III
Еще было темно, как меня разбудил Осип:
— Вставай, пошли.
Я сейчас же вскочил и, держась за Осипа, пошел. На дворе было темно. Бело лежал пухлый снег, и с неба крупные наливные звезды смотрели серьезно.
— Пока не надыть, чтобы тебя кто видел таким-то видом, — сказал Осип. — Сейчас пойдем, перелицуем мы тебя — раз и два. Чайку вперед попьем, не торопясь — валиком.
— Валиком, валиком, — повторял я за Осипом, и иду все, чтоб к нему поближе.
Мы зашли в трактир, где пили чай обмерзшие ночные извозчики.
Я пил вприкуску жидкий чай, закусывал баранкой.
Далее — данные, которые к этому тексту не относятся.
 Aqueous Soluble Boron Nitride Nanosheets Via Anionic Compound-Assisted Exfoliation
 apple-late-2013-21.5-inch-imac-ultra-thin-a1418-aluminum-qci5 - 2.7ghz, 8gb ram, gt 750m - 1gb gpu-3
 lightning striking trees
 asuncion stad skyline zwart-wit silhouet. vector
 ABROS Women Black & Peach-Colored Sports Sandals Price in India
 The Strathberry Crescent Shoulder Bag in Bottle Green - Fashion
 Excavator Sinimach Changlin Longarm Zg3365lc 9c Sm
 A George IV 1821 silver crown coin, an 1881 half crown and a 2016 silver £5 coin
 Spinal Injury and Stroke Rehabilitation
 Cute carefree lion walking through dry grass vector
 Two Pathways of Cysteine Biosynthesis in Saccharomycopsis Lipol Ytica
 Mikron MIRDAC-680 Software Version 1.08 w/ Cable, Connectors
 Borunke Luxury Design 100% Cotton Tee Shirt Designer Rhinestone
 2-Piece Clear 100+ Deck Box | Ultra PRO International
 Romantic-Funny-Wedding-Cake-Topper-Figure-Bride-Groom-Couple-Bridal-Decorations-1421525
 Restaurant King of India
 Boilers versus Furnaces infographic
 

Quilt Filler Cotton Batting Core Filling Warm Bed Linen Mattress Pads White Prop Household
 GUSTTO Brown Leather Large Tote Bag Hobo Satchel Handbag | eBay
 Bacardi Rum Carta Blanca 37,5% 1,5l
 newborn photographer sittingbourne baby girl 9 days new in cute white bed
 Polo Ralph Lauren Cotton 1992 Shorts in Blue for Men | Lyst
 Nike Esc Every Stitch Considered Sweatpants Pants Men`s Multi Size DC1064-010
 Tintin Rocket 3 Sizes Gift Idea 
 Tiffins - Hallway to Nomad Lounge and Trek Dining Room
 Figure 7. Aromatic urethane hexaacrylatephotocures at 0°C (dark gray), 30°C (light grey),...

Стало чуть светать, синим цветом подернуло окно в трактире.
— Идем, браток, сейчас на барахолку, и там мы загоним эту шубу твою и там же тебе устроим вот этакую куртку, вроде что на мне. И шапку эту тоже надо долой. А ну, дай-ка сюда.
Осип повертел мою меховую шапку.
— Да, — говорит, — она пятерку подымет вполне. А шуба, гляди, рублей как бы не тридцать потянула. Как думаешь?
— Мне все равно, — говорю я.
— Зачем же зря татар-то баловать? Пошли.
Я никогда не бывал в таких местах. Куда-то далеко заехали мы с Осипом на трамвае. В переулке было сыро, мутно. В темную подворотню шмыгнули мы с Осипом, по темной лестнице; я путался в своей длинной шубе. Осип толкнул дверку, и на меня пахнуло затхлой вонью пыльного, старого тряпья. Под лампой на помосте два татарина ворочались в куче тряпья и ругались на своем языке. От тухлой пыли гнилой туман в воздухе.
— Здорово, князь! — крикнул Осип.
Оба татарина вскочили и оба вцепились глазами в мою шубу. Один не удержался и погладил ладонью по рукаву.
Я снял шубу. Ее трясли, щупали, носили на двор, мяли мех в руках и ругались все трое: Осип и оба татарина.
— Сорок пять, последнее слово, — сказал Осип и сунул мне шубу. — Надевай. Пошли.
Я стал натягивать рукава. Но татары ухватили за полы и крикнули в один голос:
— Сорок три!
— Напяливай! — заорал Осип и стал запахивать на мне шубу. Он толкал меня в двери. Мы вышли на лестницу. На площадке уже ждали другие татары. Сразу трое нас обступили.
— Бери сорок пять!
— Полсотни, — сказал Осип и стал спускаться с лестницы.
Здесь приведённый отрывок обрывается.